Data shown.
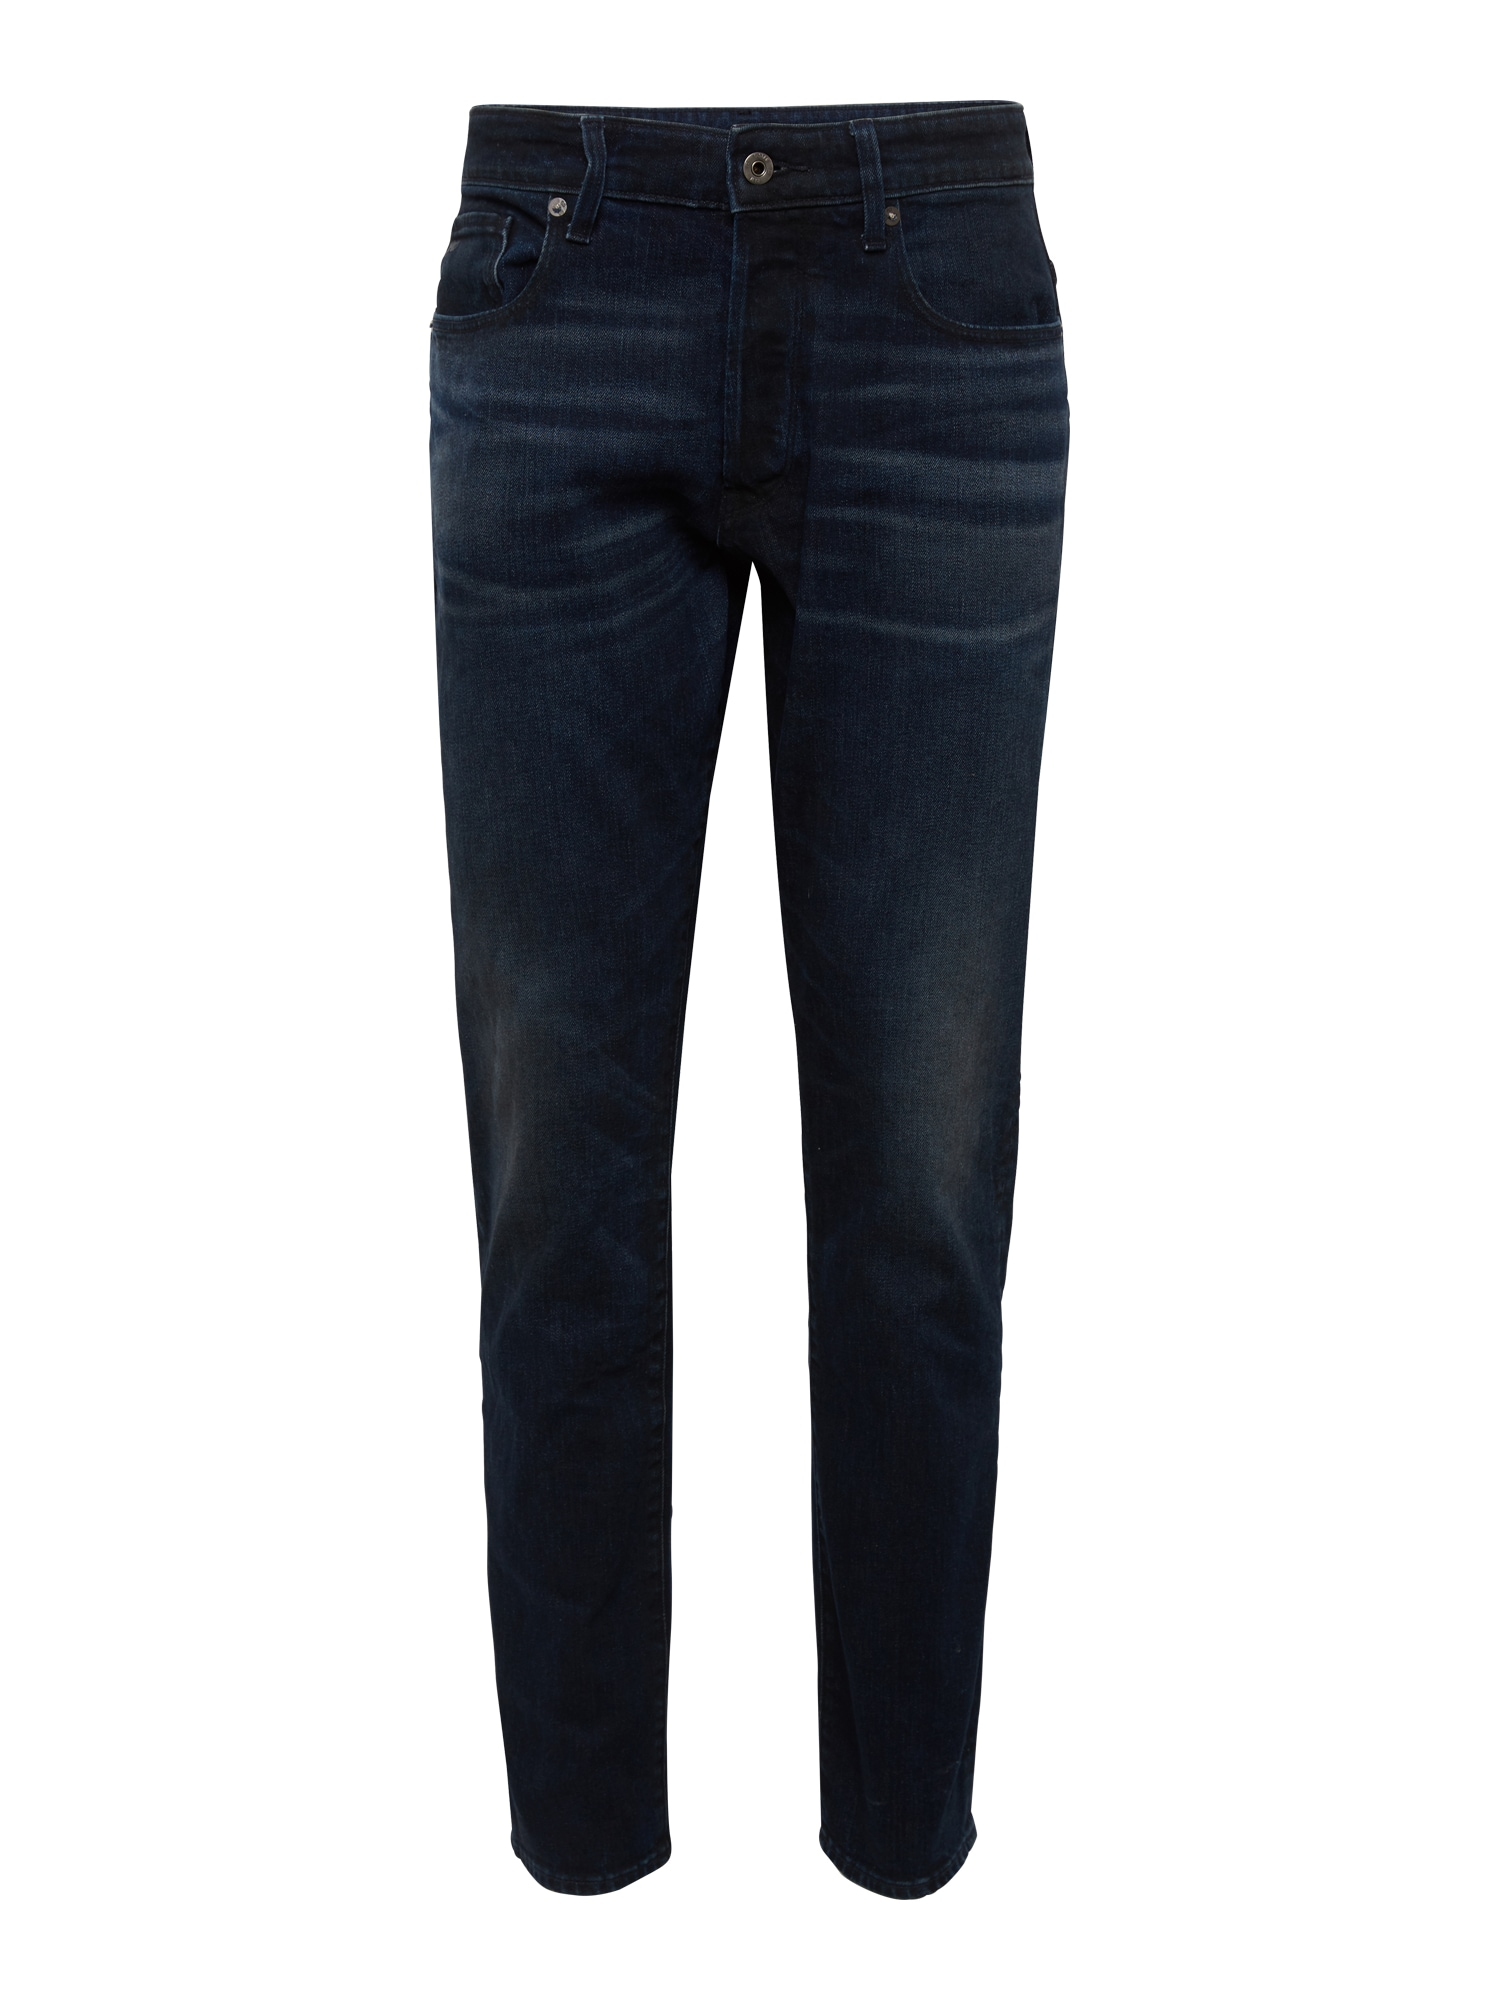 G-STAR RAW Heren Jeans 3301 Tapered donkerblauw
...
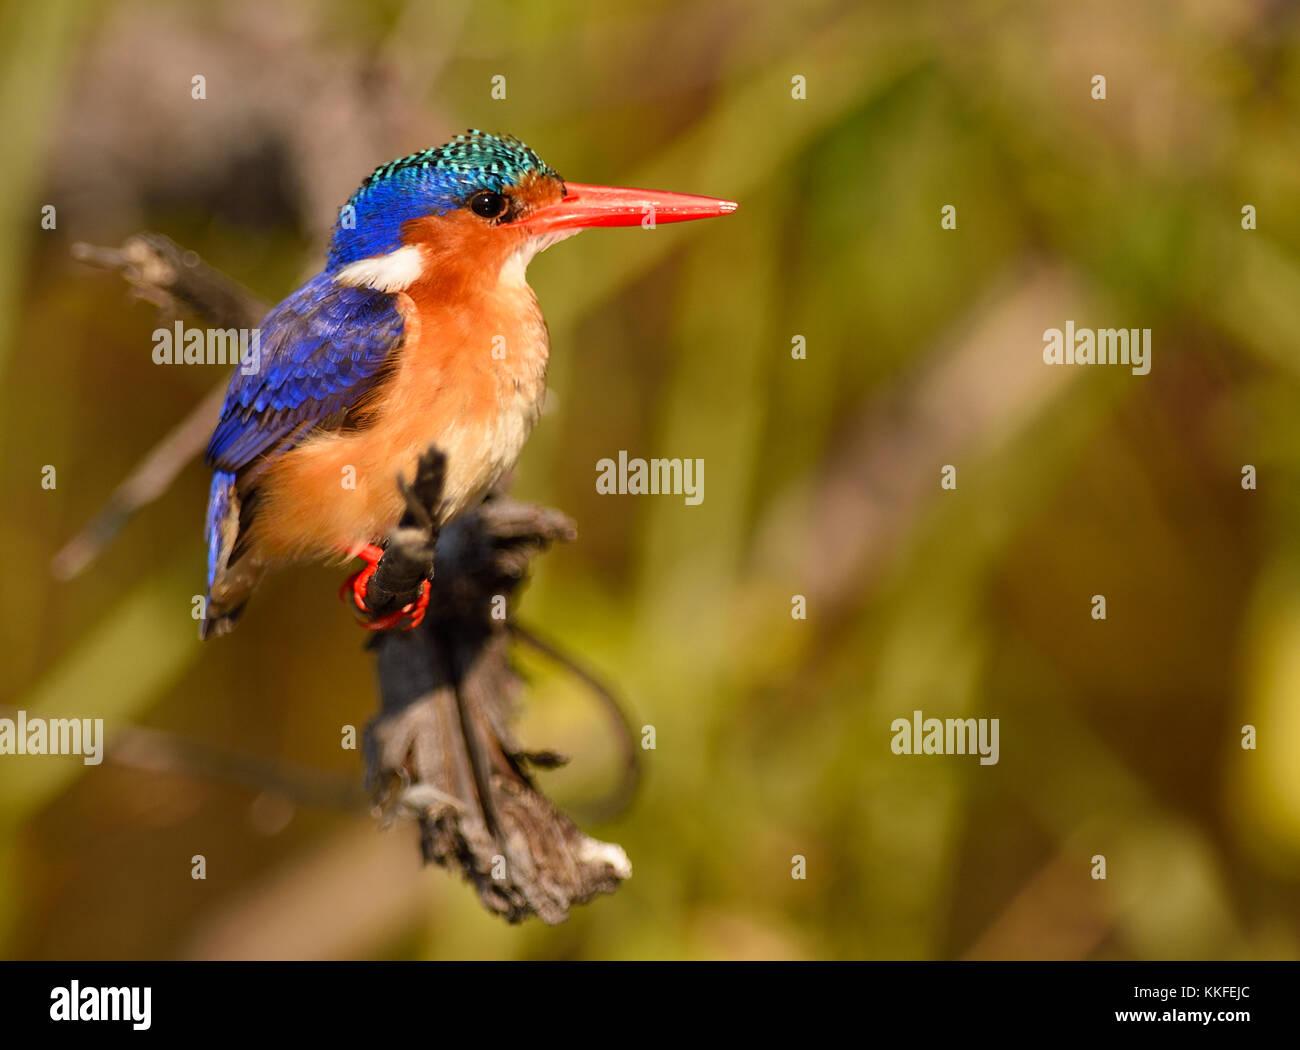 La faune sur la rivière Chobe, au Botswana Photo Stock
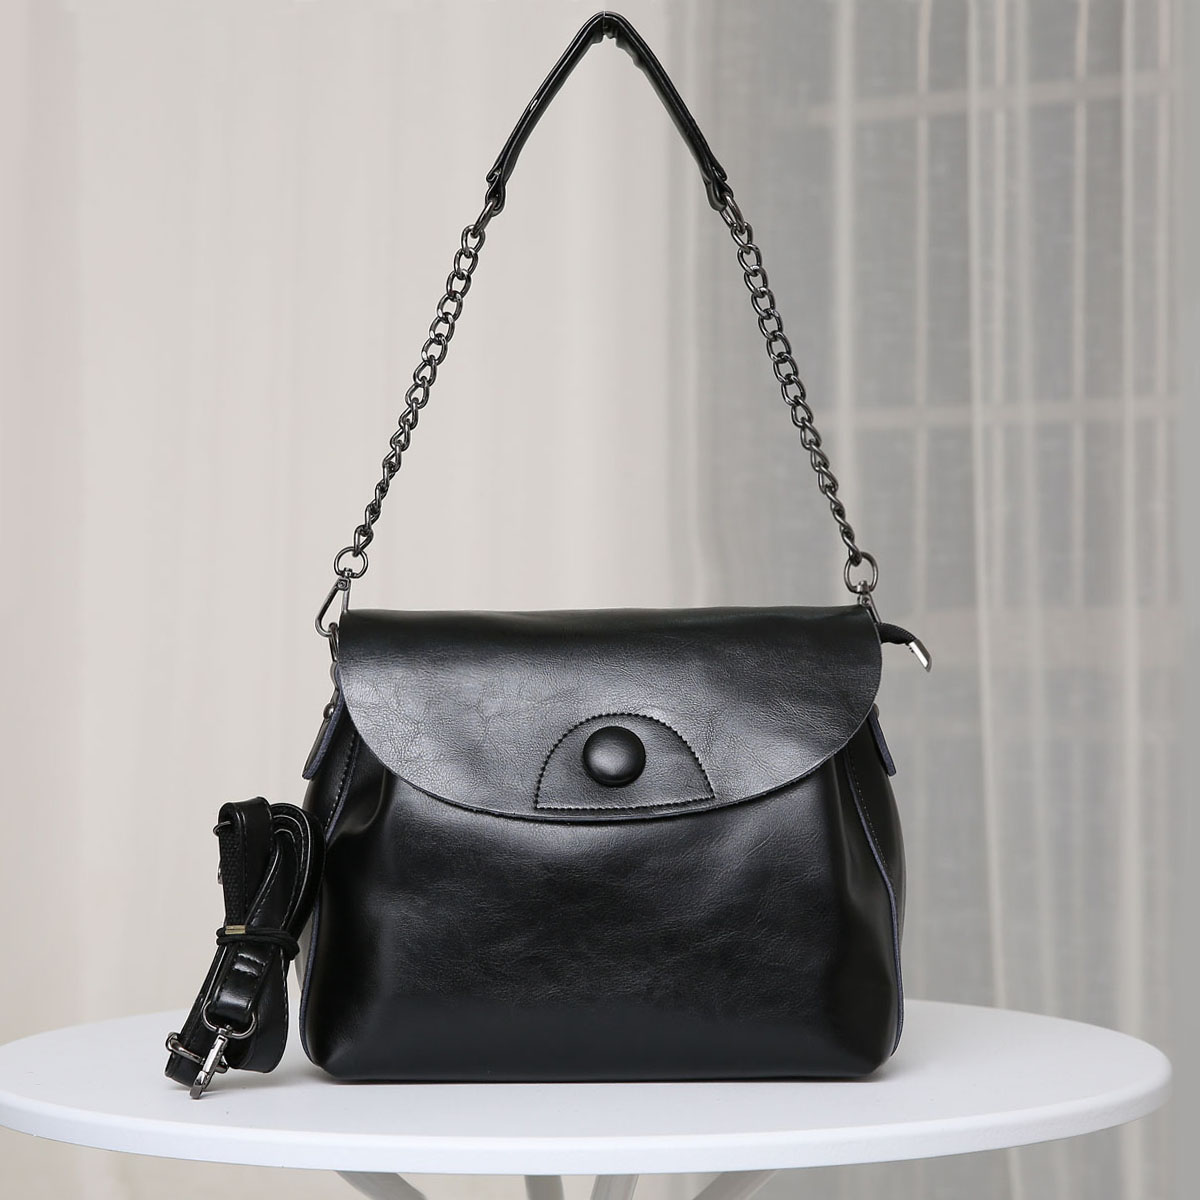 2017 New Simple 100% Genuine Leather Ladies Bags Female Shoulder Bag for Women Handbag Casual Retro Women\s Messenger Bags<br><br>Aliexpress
--
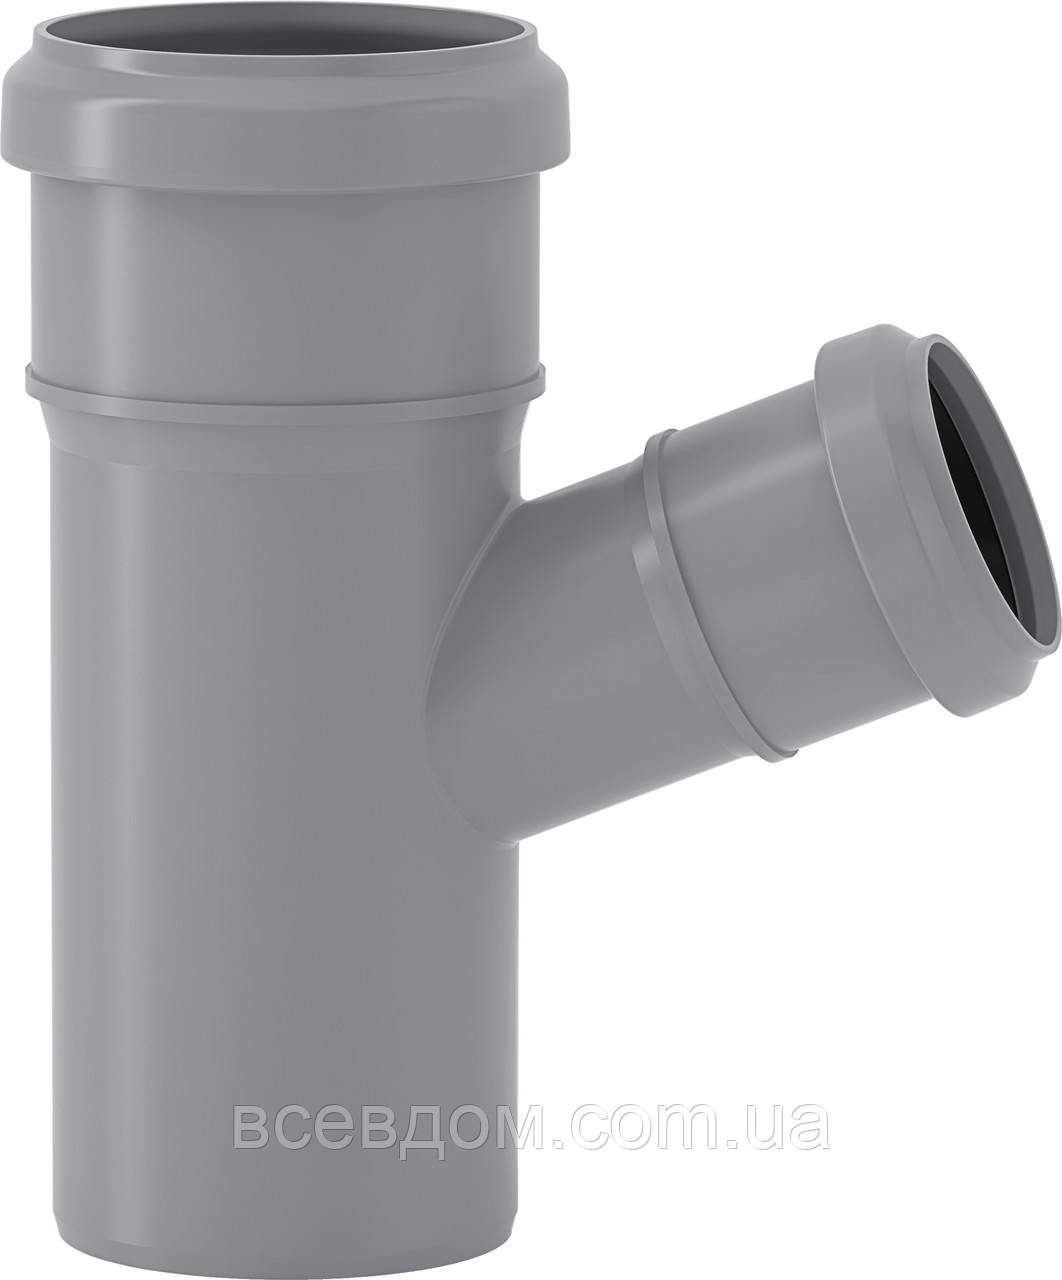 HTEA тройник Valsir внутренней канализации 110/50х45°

Exercise. Exact repeat of the material above: every line from the one with "La faune sur" through the one with "2017 New Simple", endpoints included, and nothing more. No pictures.

Task result.
 La faune sur la rivière Chobe, au Botswana Photo Stock
 2017 New Simple 100% Genuine Leather Ladies Bags Female Shoulder Bag for Women Handbag Casual Retro Women\s Messenger Bags<br><br>Aliexpress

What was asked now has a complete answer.